• Data segment
+ + + +

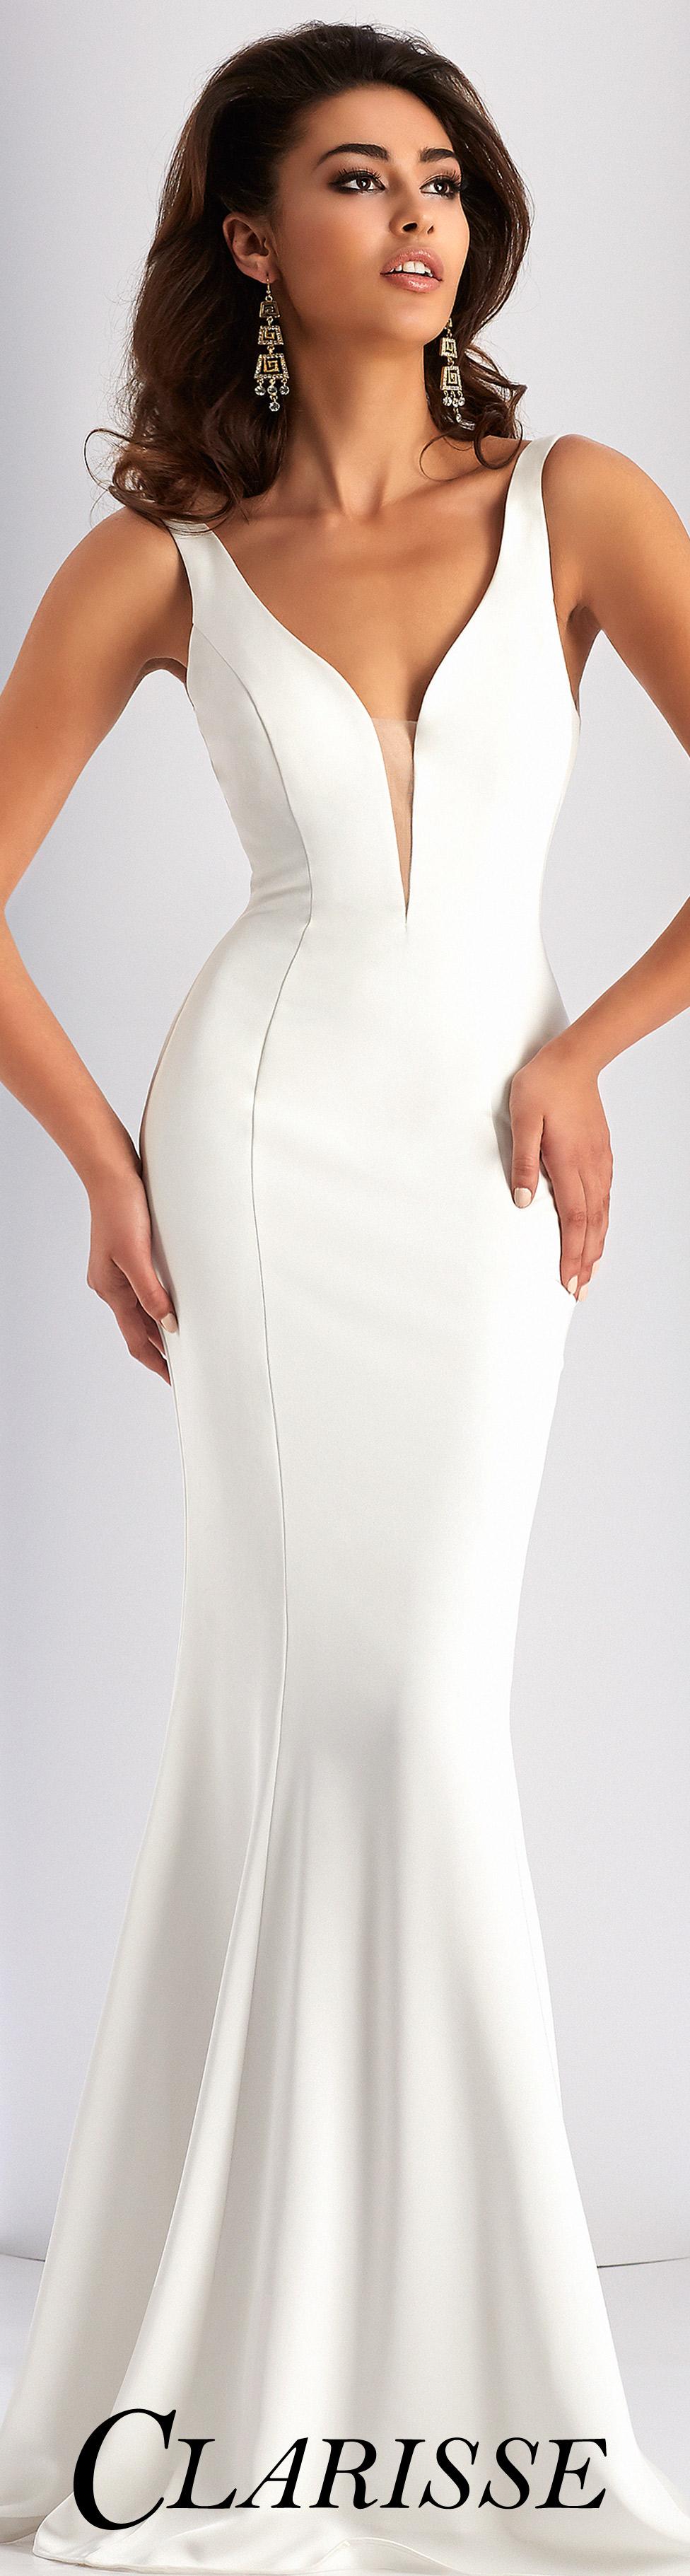 Clarisse prom dress simple sleeveless stretch satin dress with
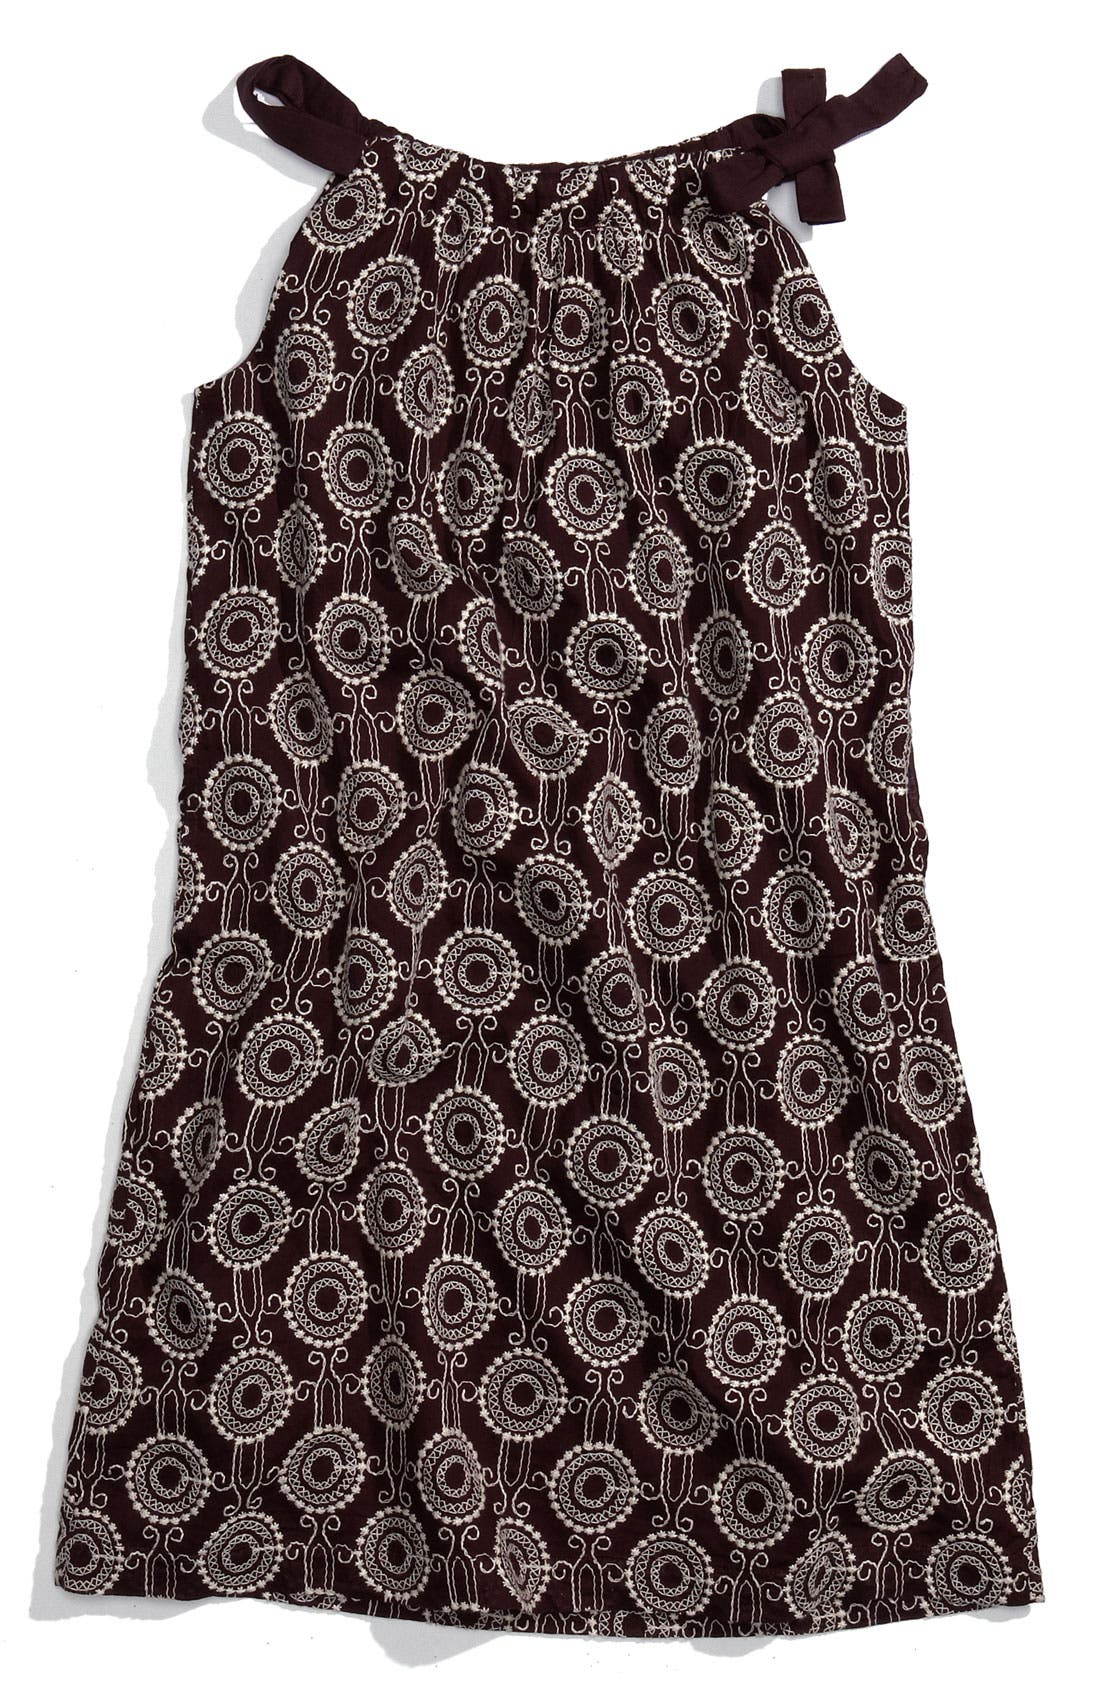 Main Image - Peek Embroidered Dress (Toddler, Little Girl & Big Girl)
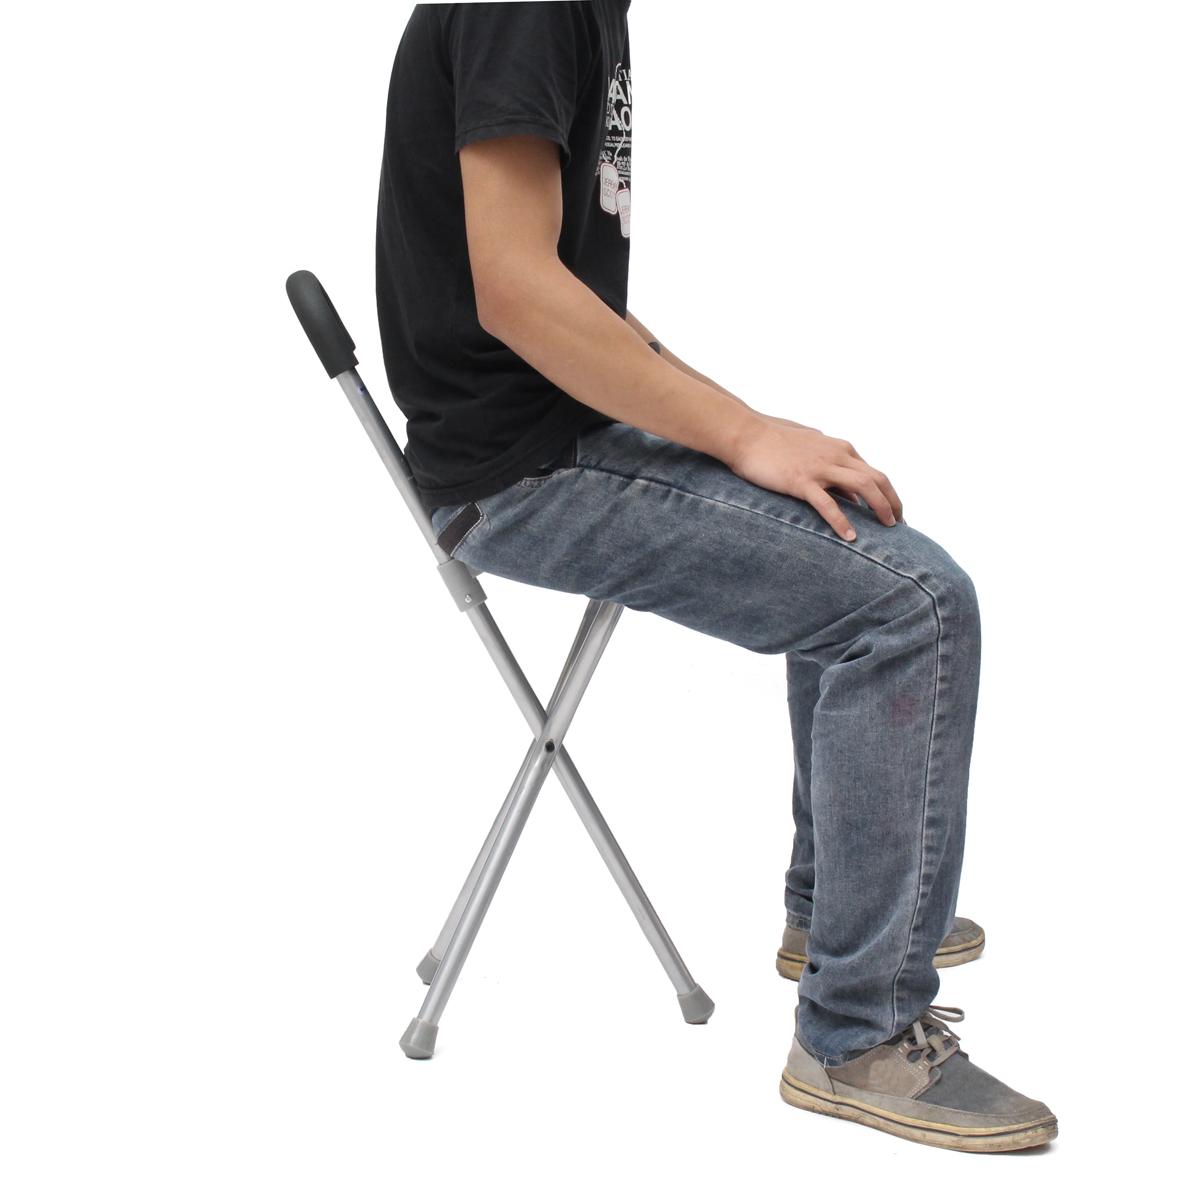 2b63127cf81e Outdoor Travel Folding Stool Chair Portable Tripod Cane Walking Stick Seat  Camping Hiking

+ + + +

• What you have to do
Start at the first line and set down all of the data exactly, passing over the pictures.

• Solution
 Clarisse prom dress simple sleeveless stretch satin dress with
 Main Image - Peek Embroidered Dress (Toddler, Little Girl & Big Girl)
 2b63127cf81e Outdoor Travel Folding Stool Chair Portable Tripod Cane Walking Stick Seat  Camping Hiking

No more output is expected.